Sidney looks down. I'm having trouble staying mad at him, he looks so pitiful and shameful. "I'll leave if you want me to." He says, half turning toward the door. I can feel my face soften as he examines it.
"No." I say quietly, almost hoping he doesn't hear me. He comes and sits by me on my bed. Even while I'm furious with him, I don't want him to leave.
"I love you. You know that?" He says, wrapping his arm around me.
"yeah." I say, a tear falling down my cheek. I lean into him, tired of fighting and we sit in silence for a long time. I think about how much I like him, and Max, and I think about confessing to Sidney how I feel about both of them. I don't know if I could. I don't know how Sidney will react.

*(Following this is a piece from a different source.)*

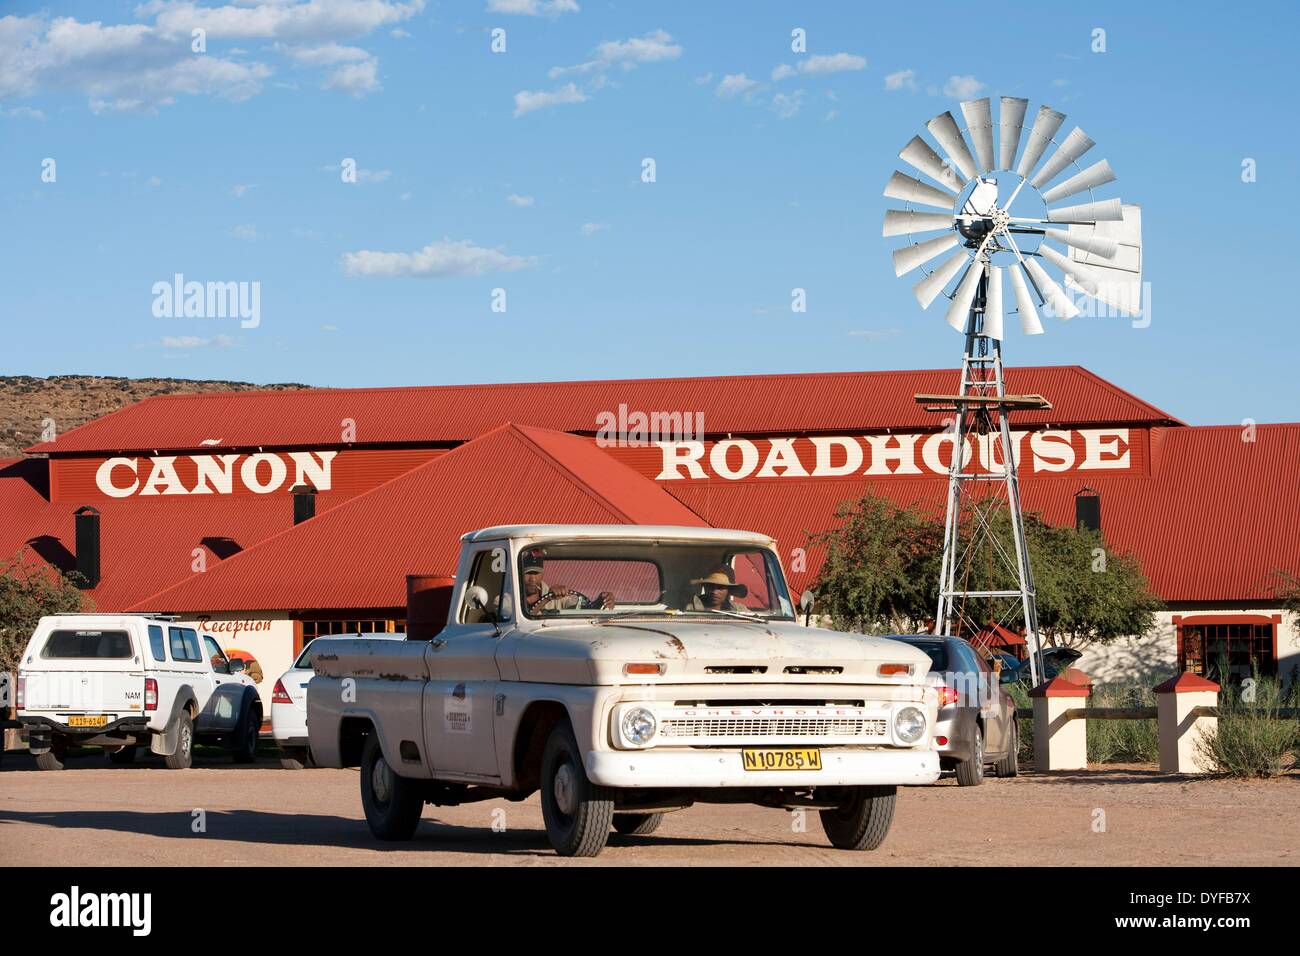 Die Canon Roadhouse ist ein Restaurant-, Hotel- und Autobahn Station auf dem Weg zum Fish River Canyon im Süden Namibias, 7. Januar 2011. Foto: Tom Schulze - kein Draht-SERVICE – Stockfoto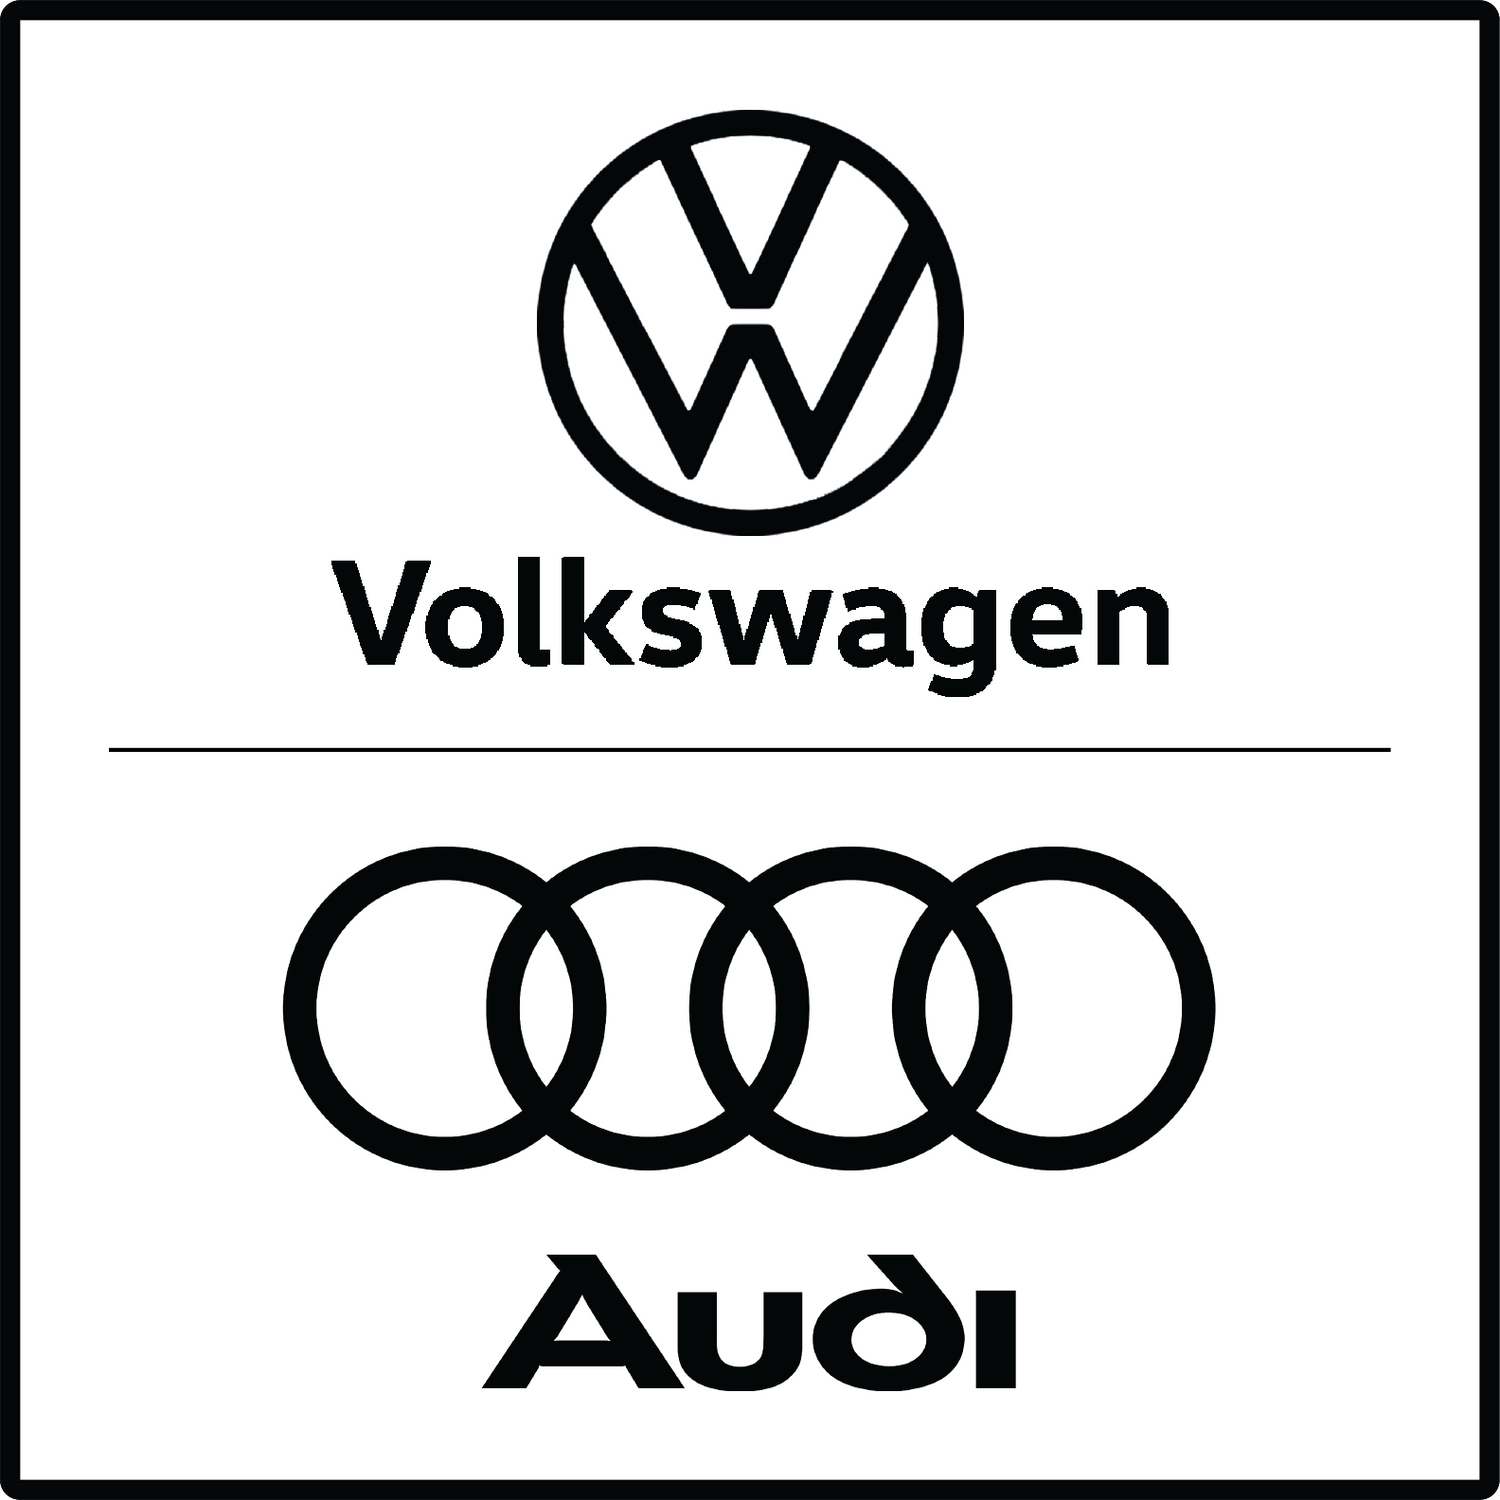 Audi / Volkswagen

After a while Sidney kisses the top of my head and says, "I've gotta go,"
"where?"
"Back to Mario's. Babysitting."
"Again?" I sigh.
"I'll call you tonight." He stands up and walks out of my bedroom, not giving me time to escort him out of the house. I let out a deep breath and fall back on my bed, still feeling shattered and sad when I should feel loved. I don't know how to control my emotions. When I have everything I ever dreamed of, I still find a way to be depressed.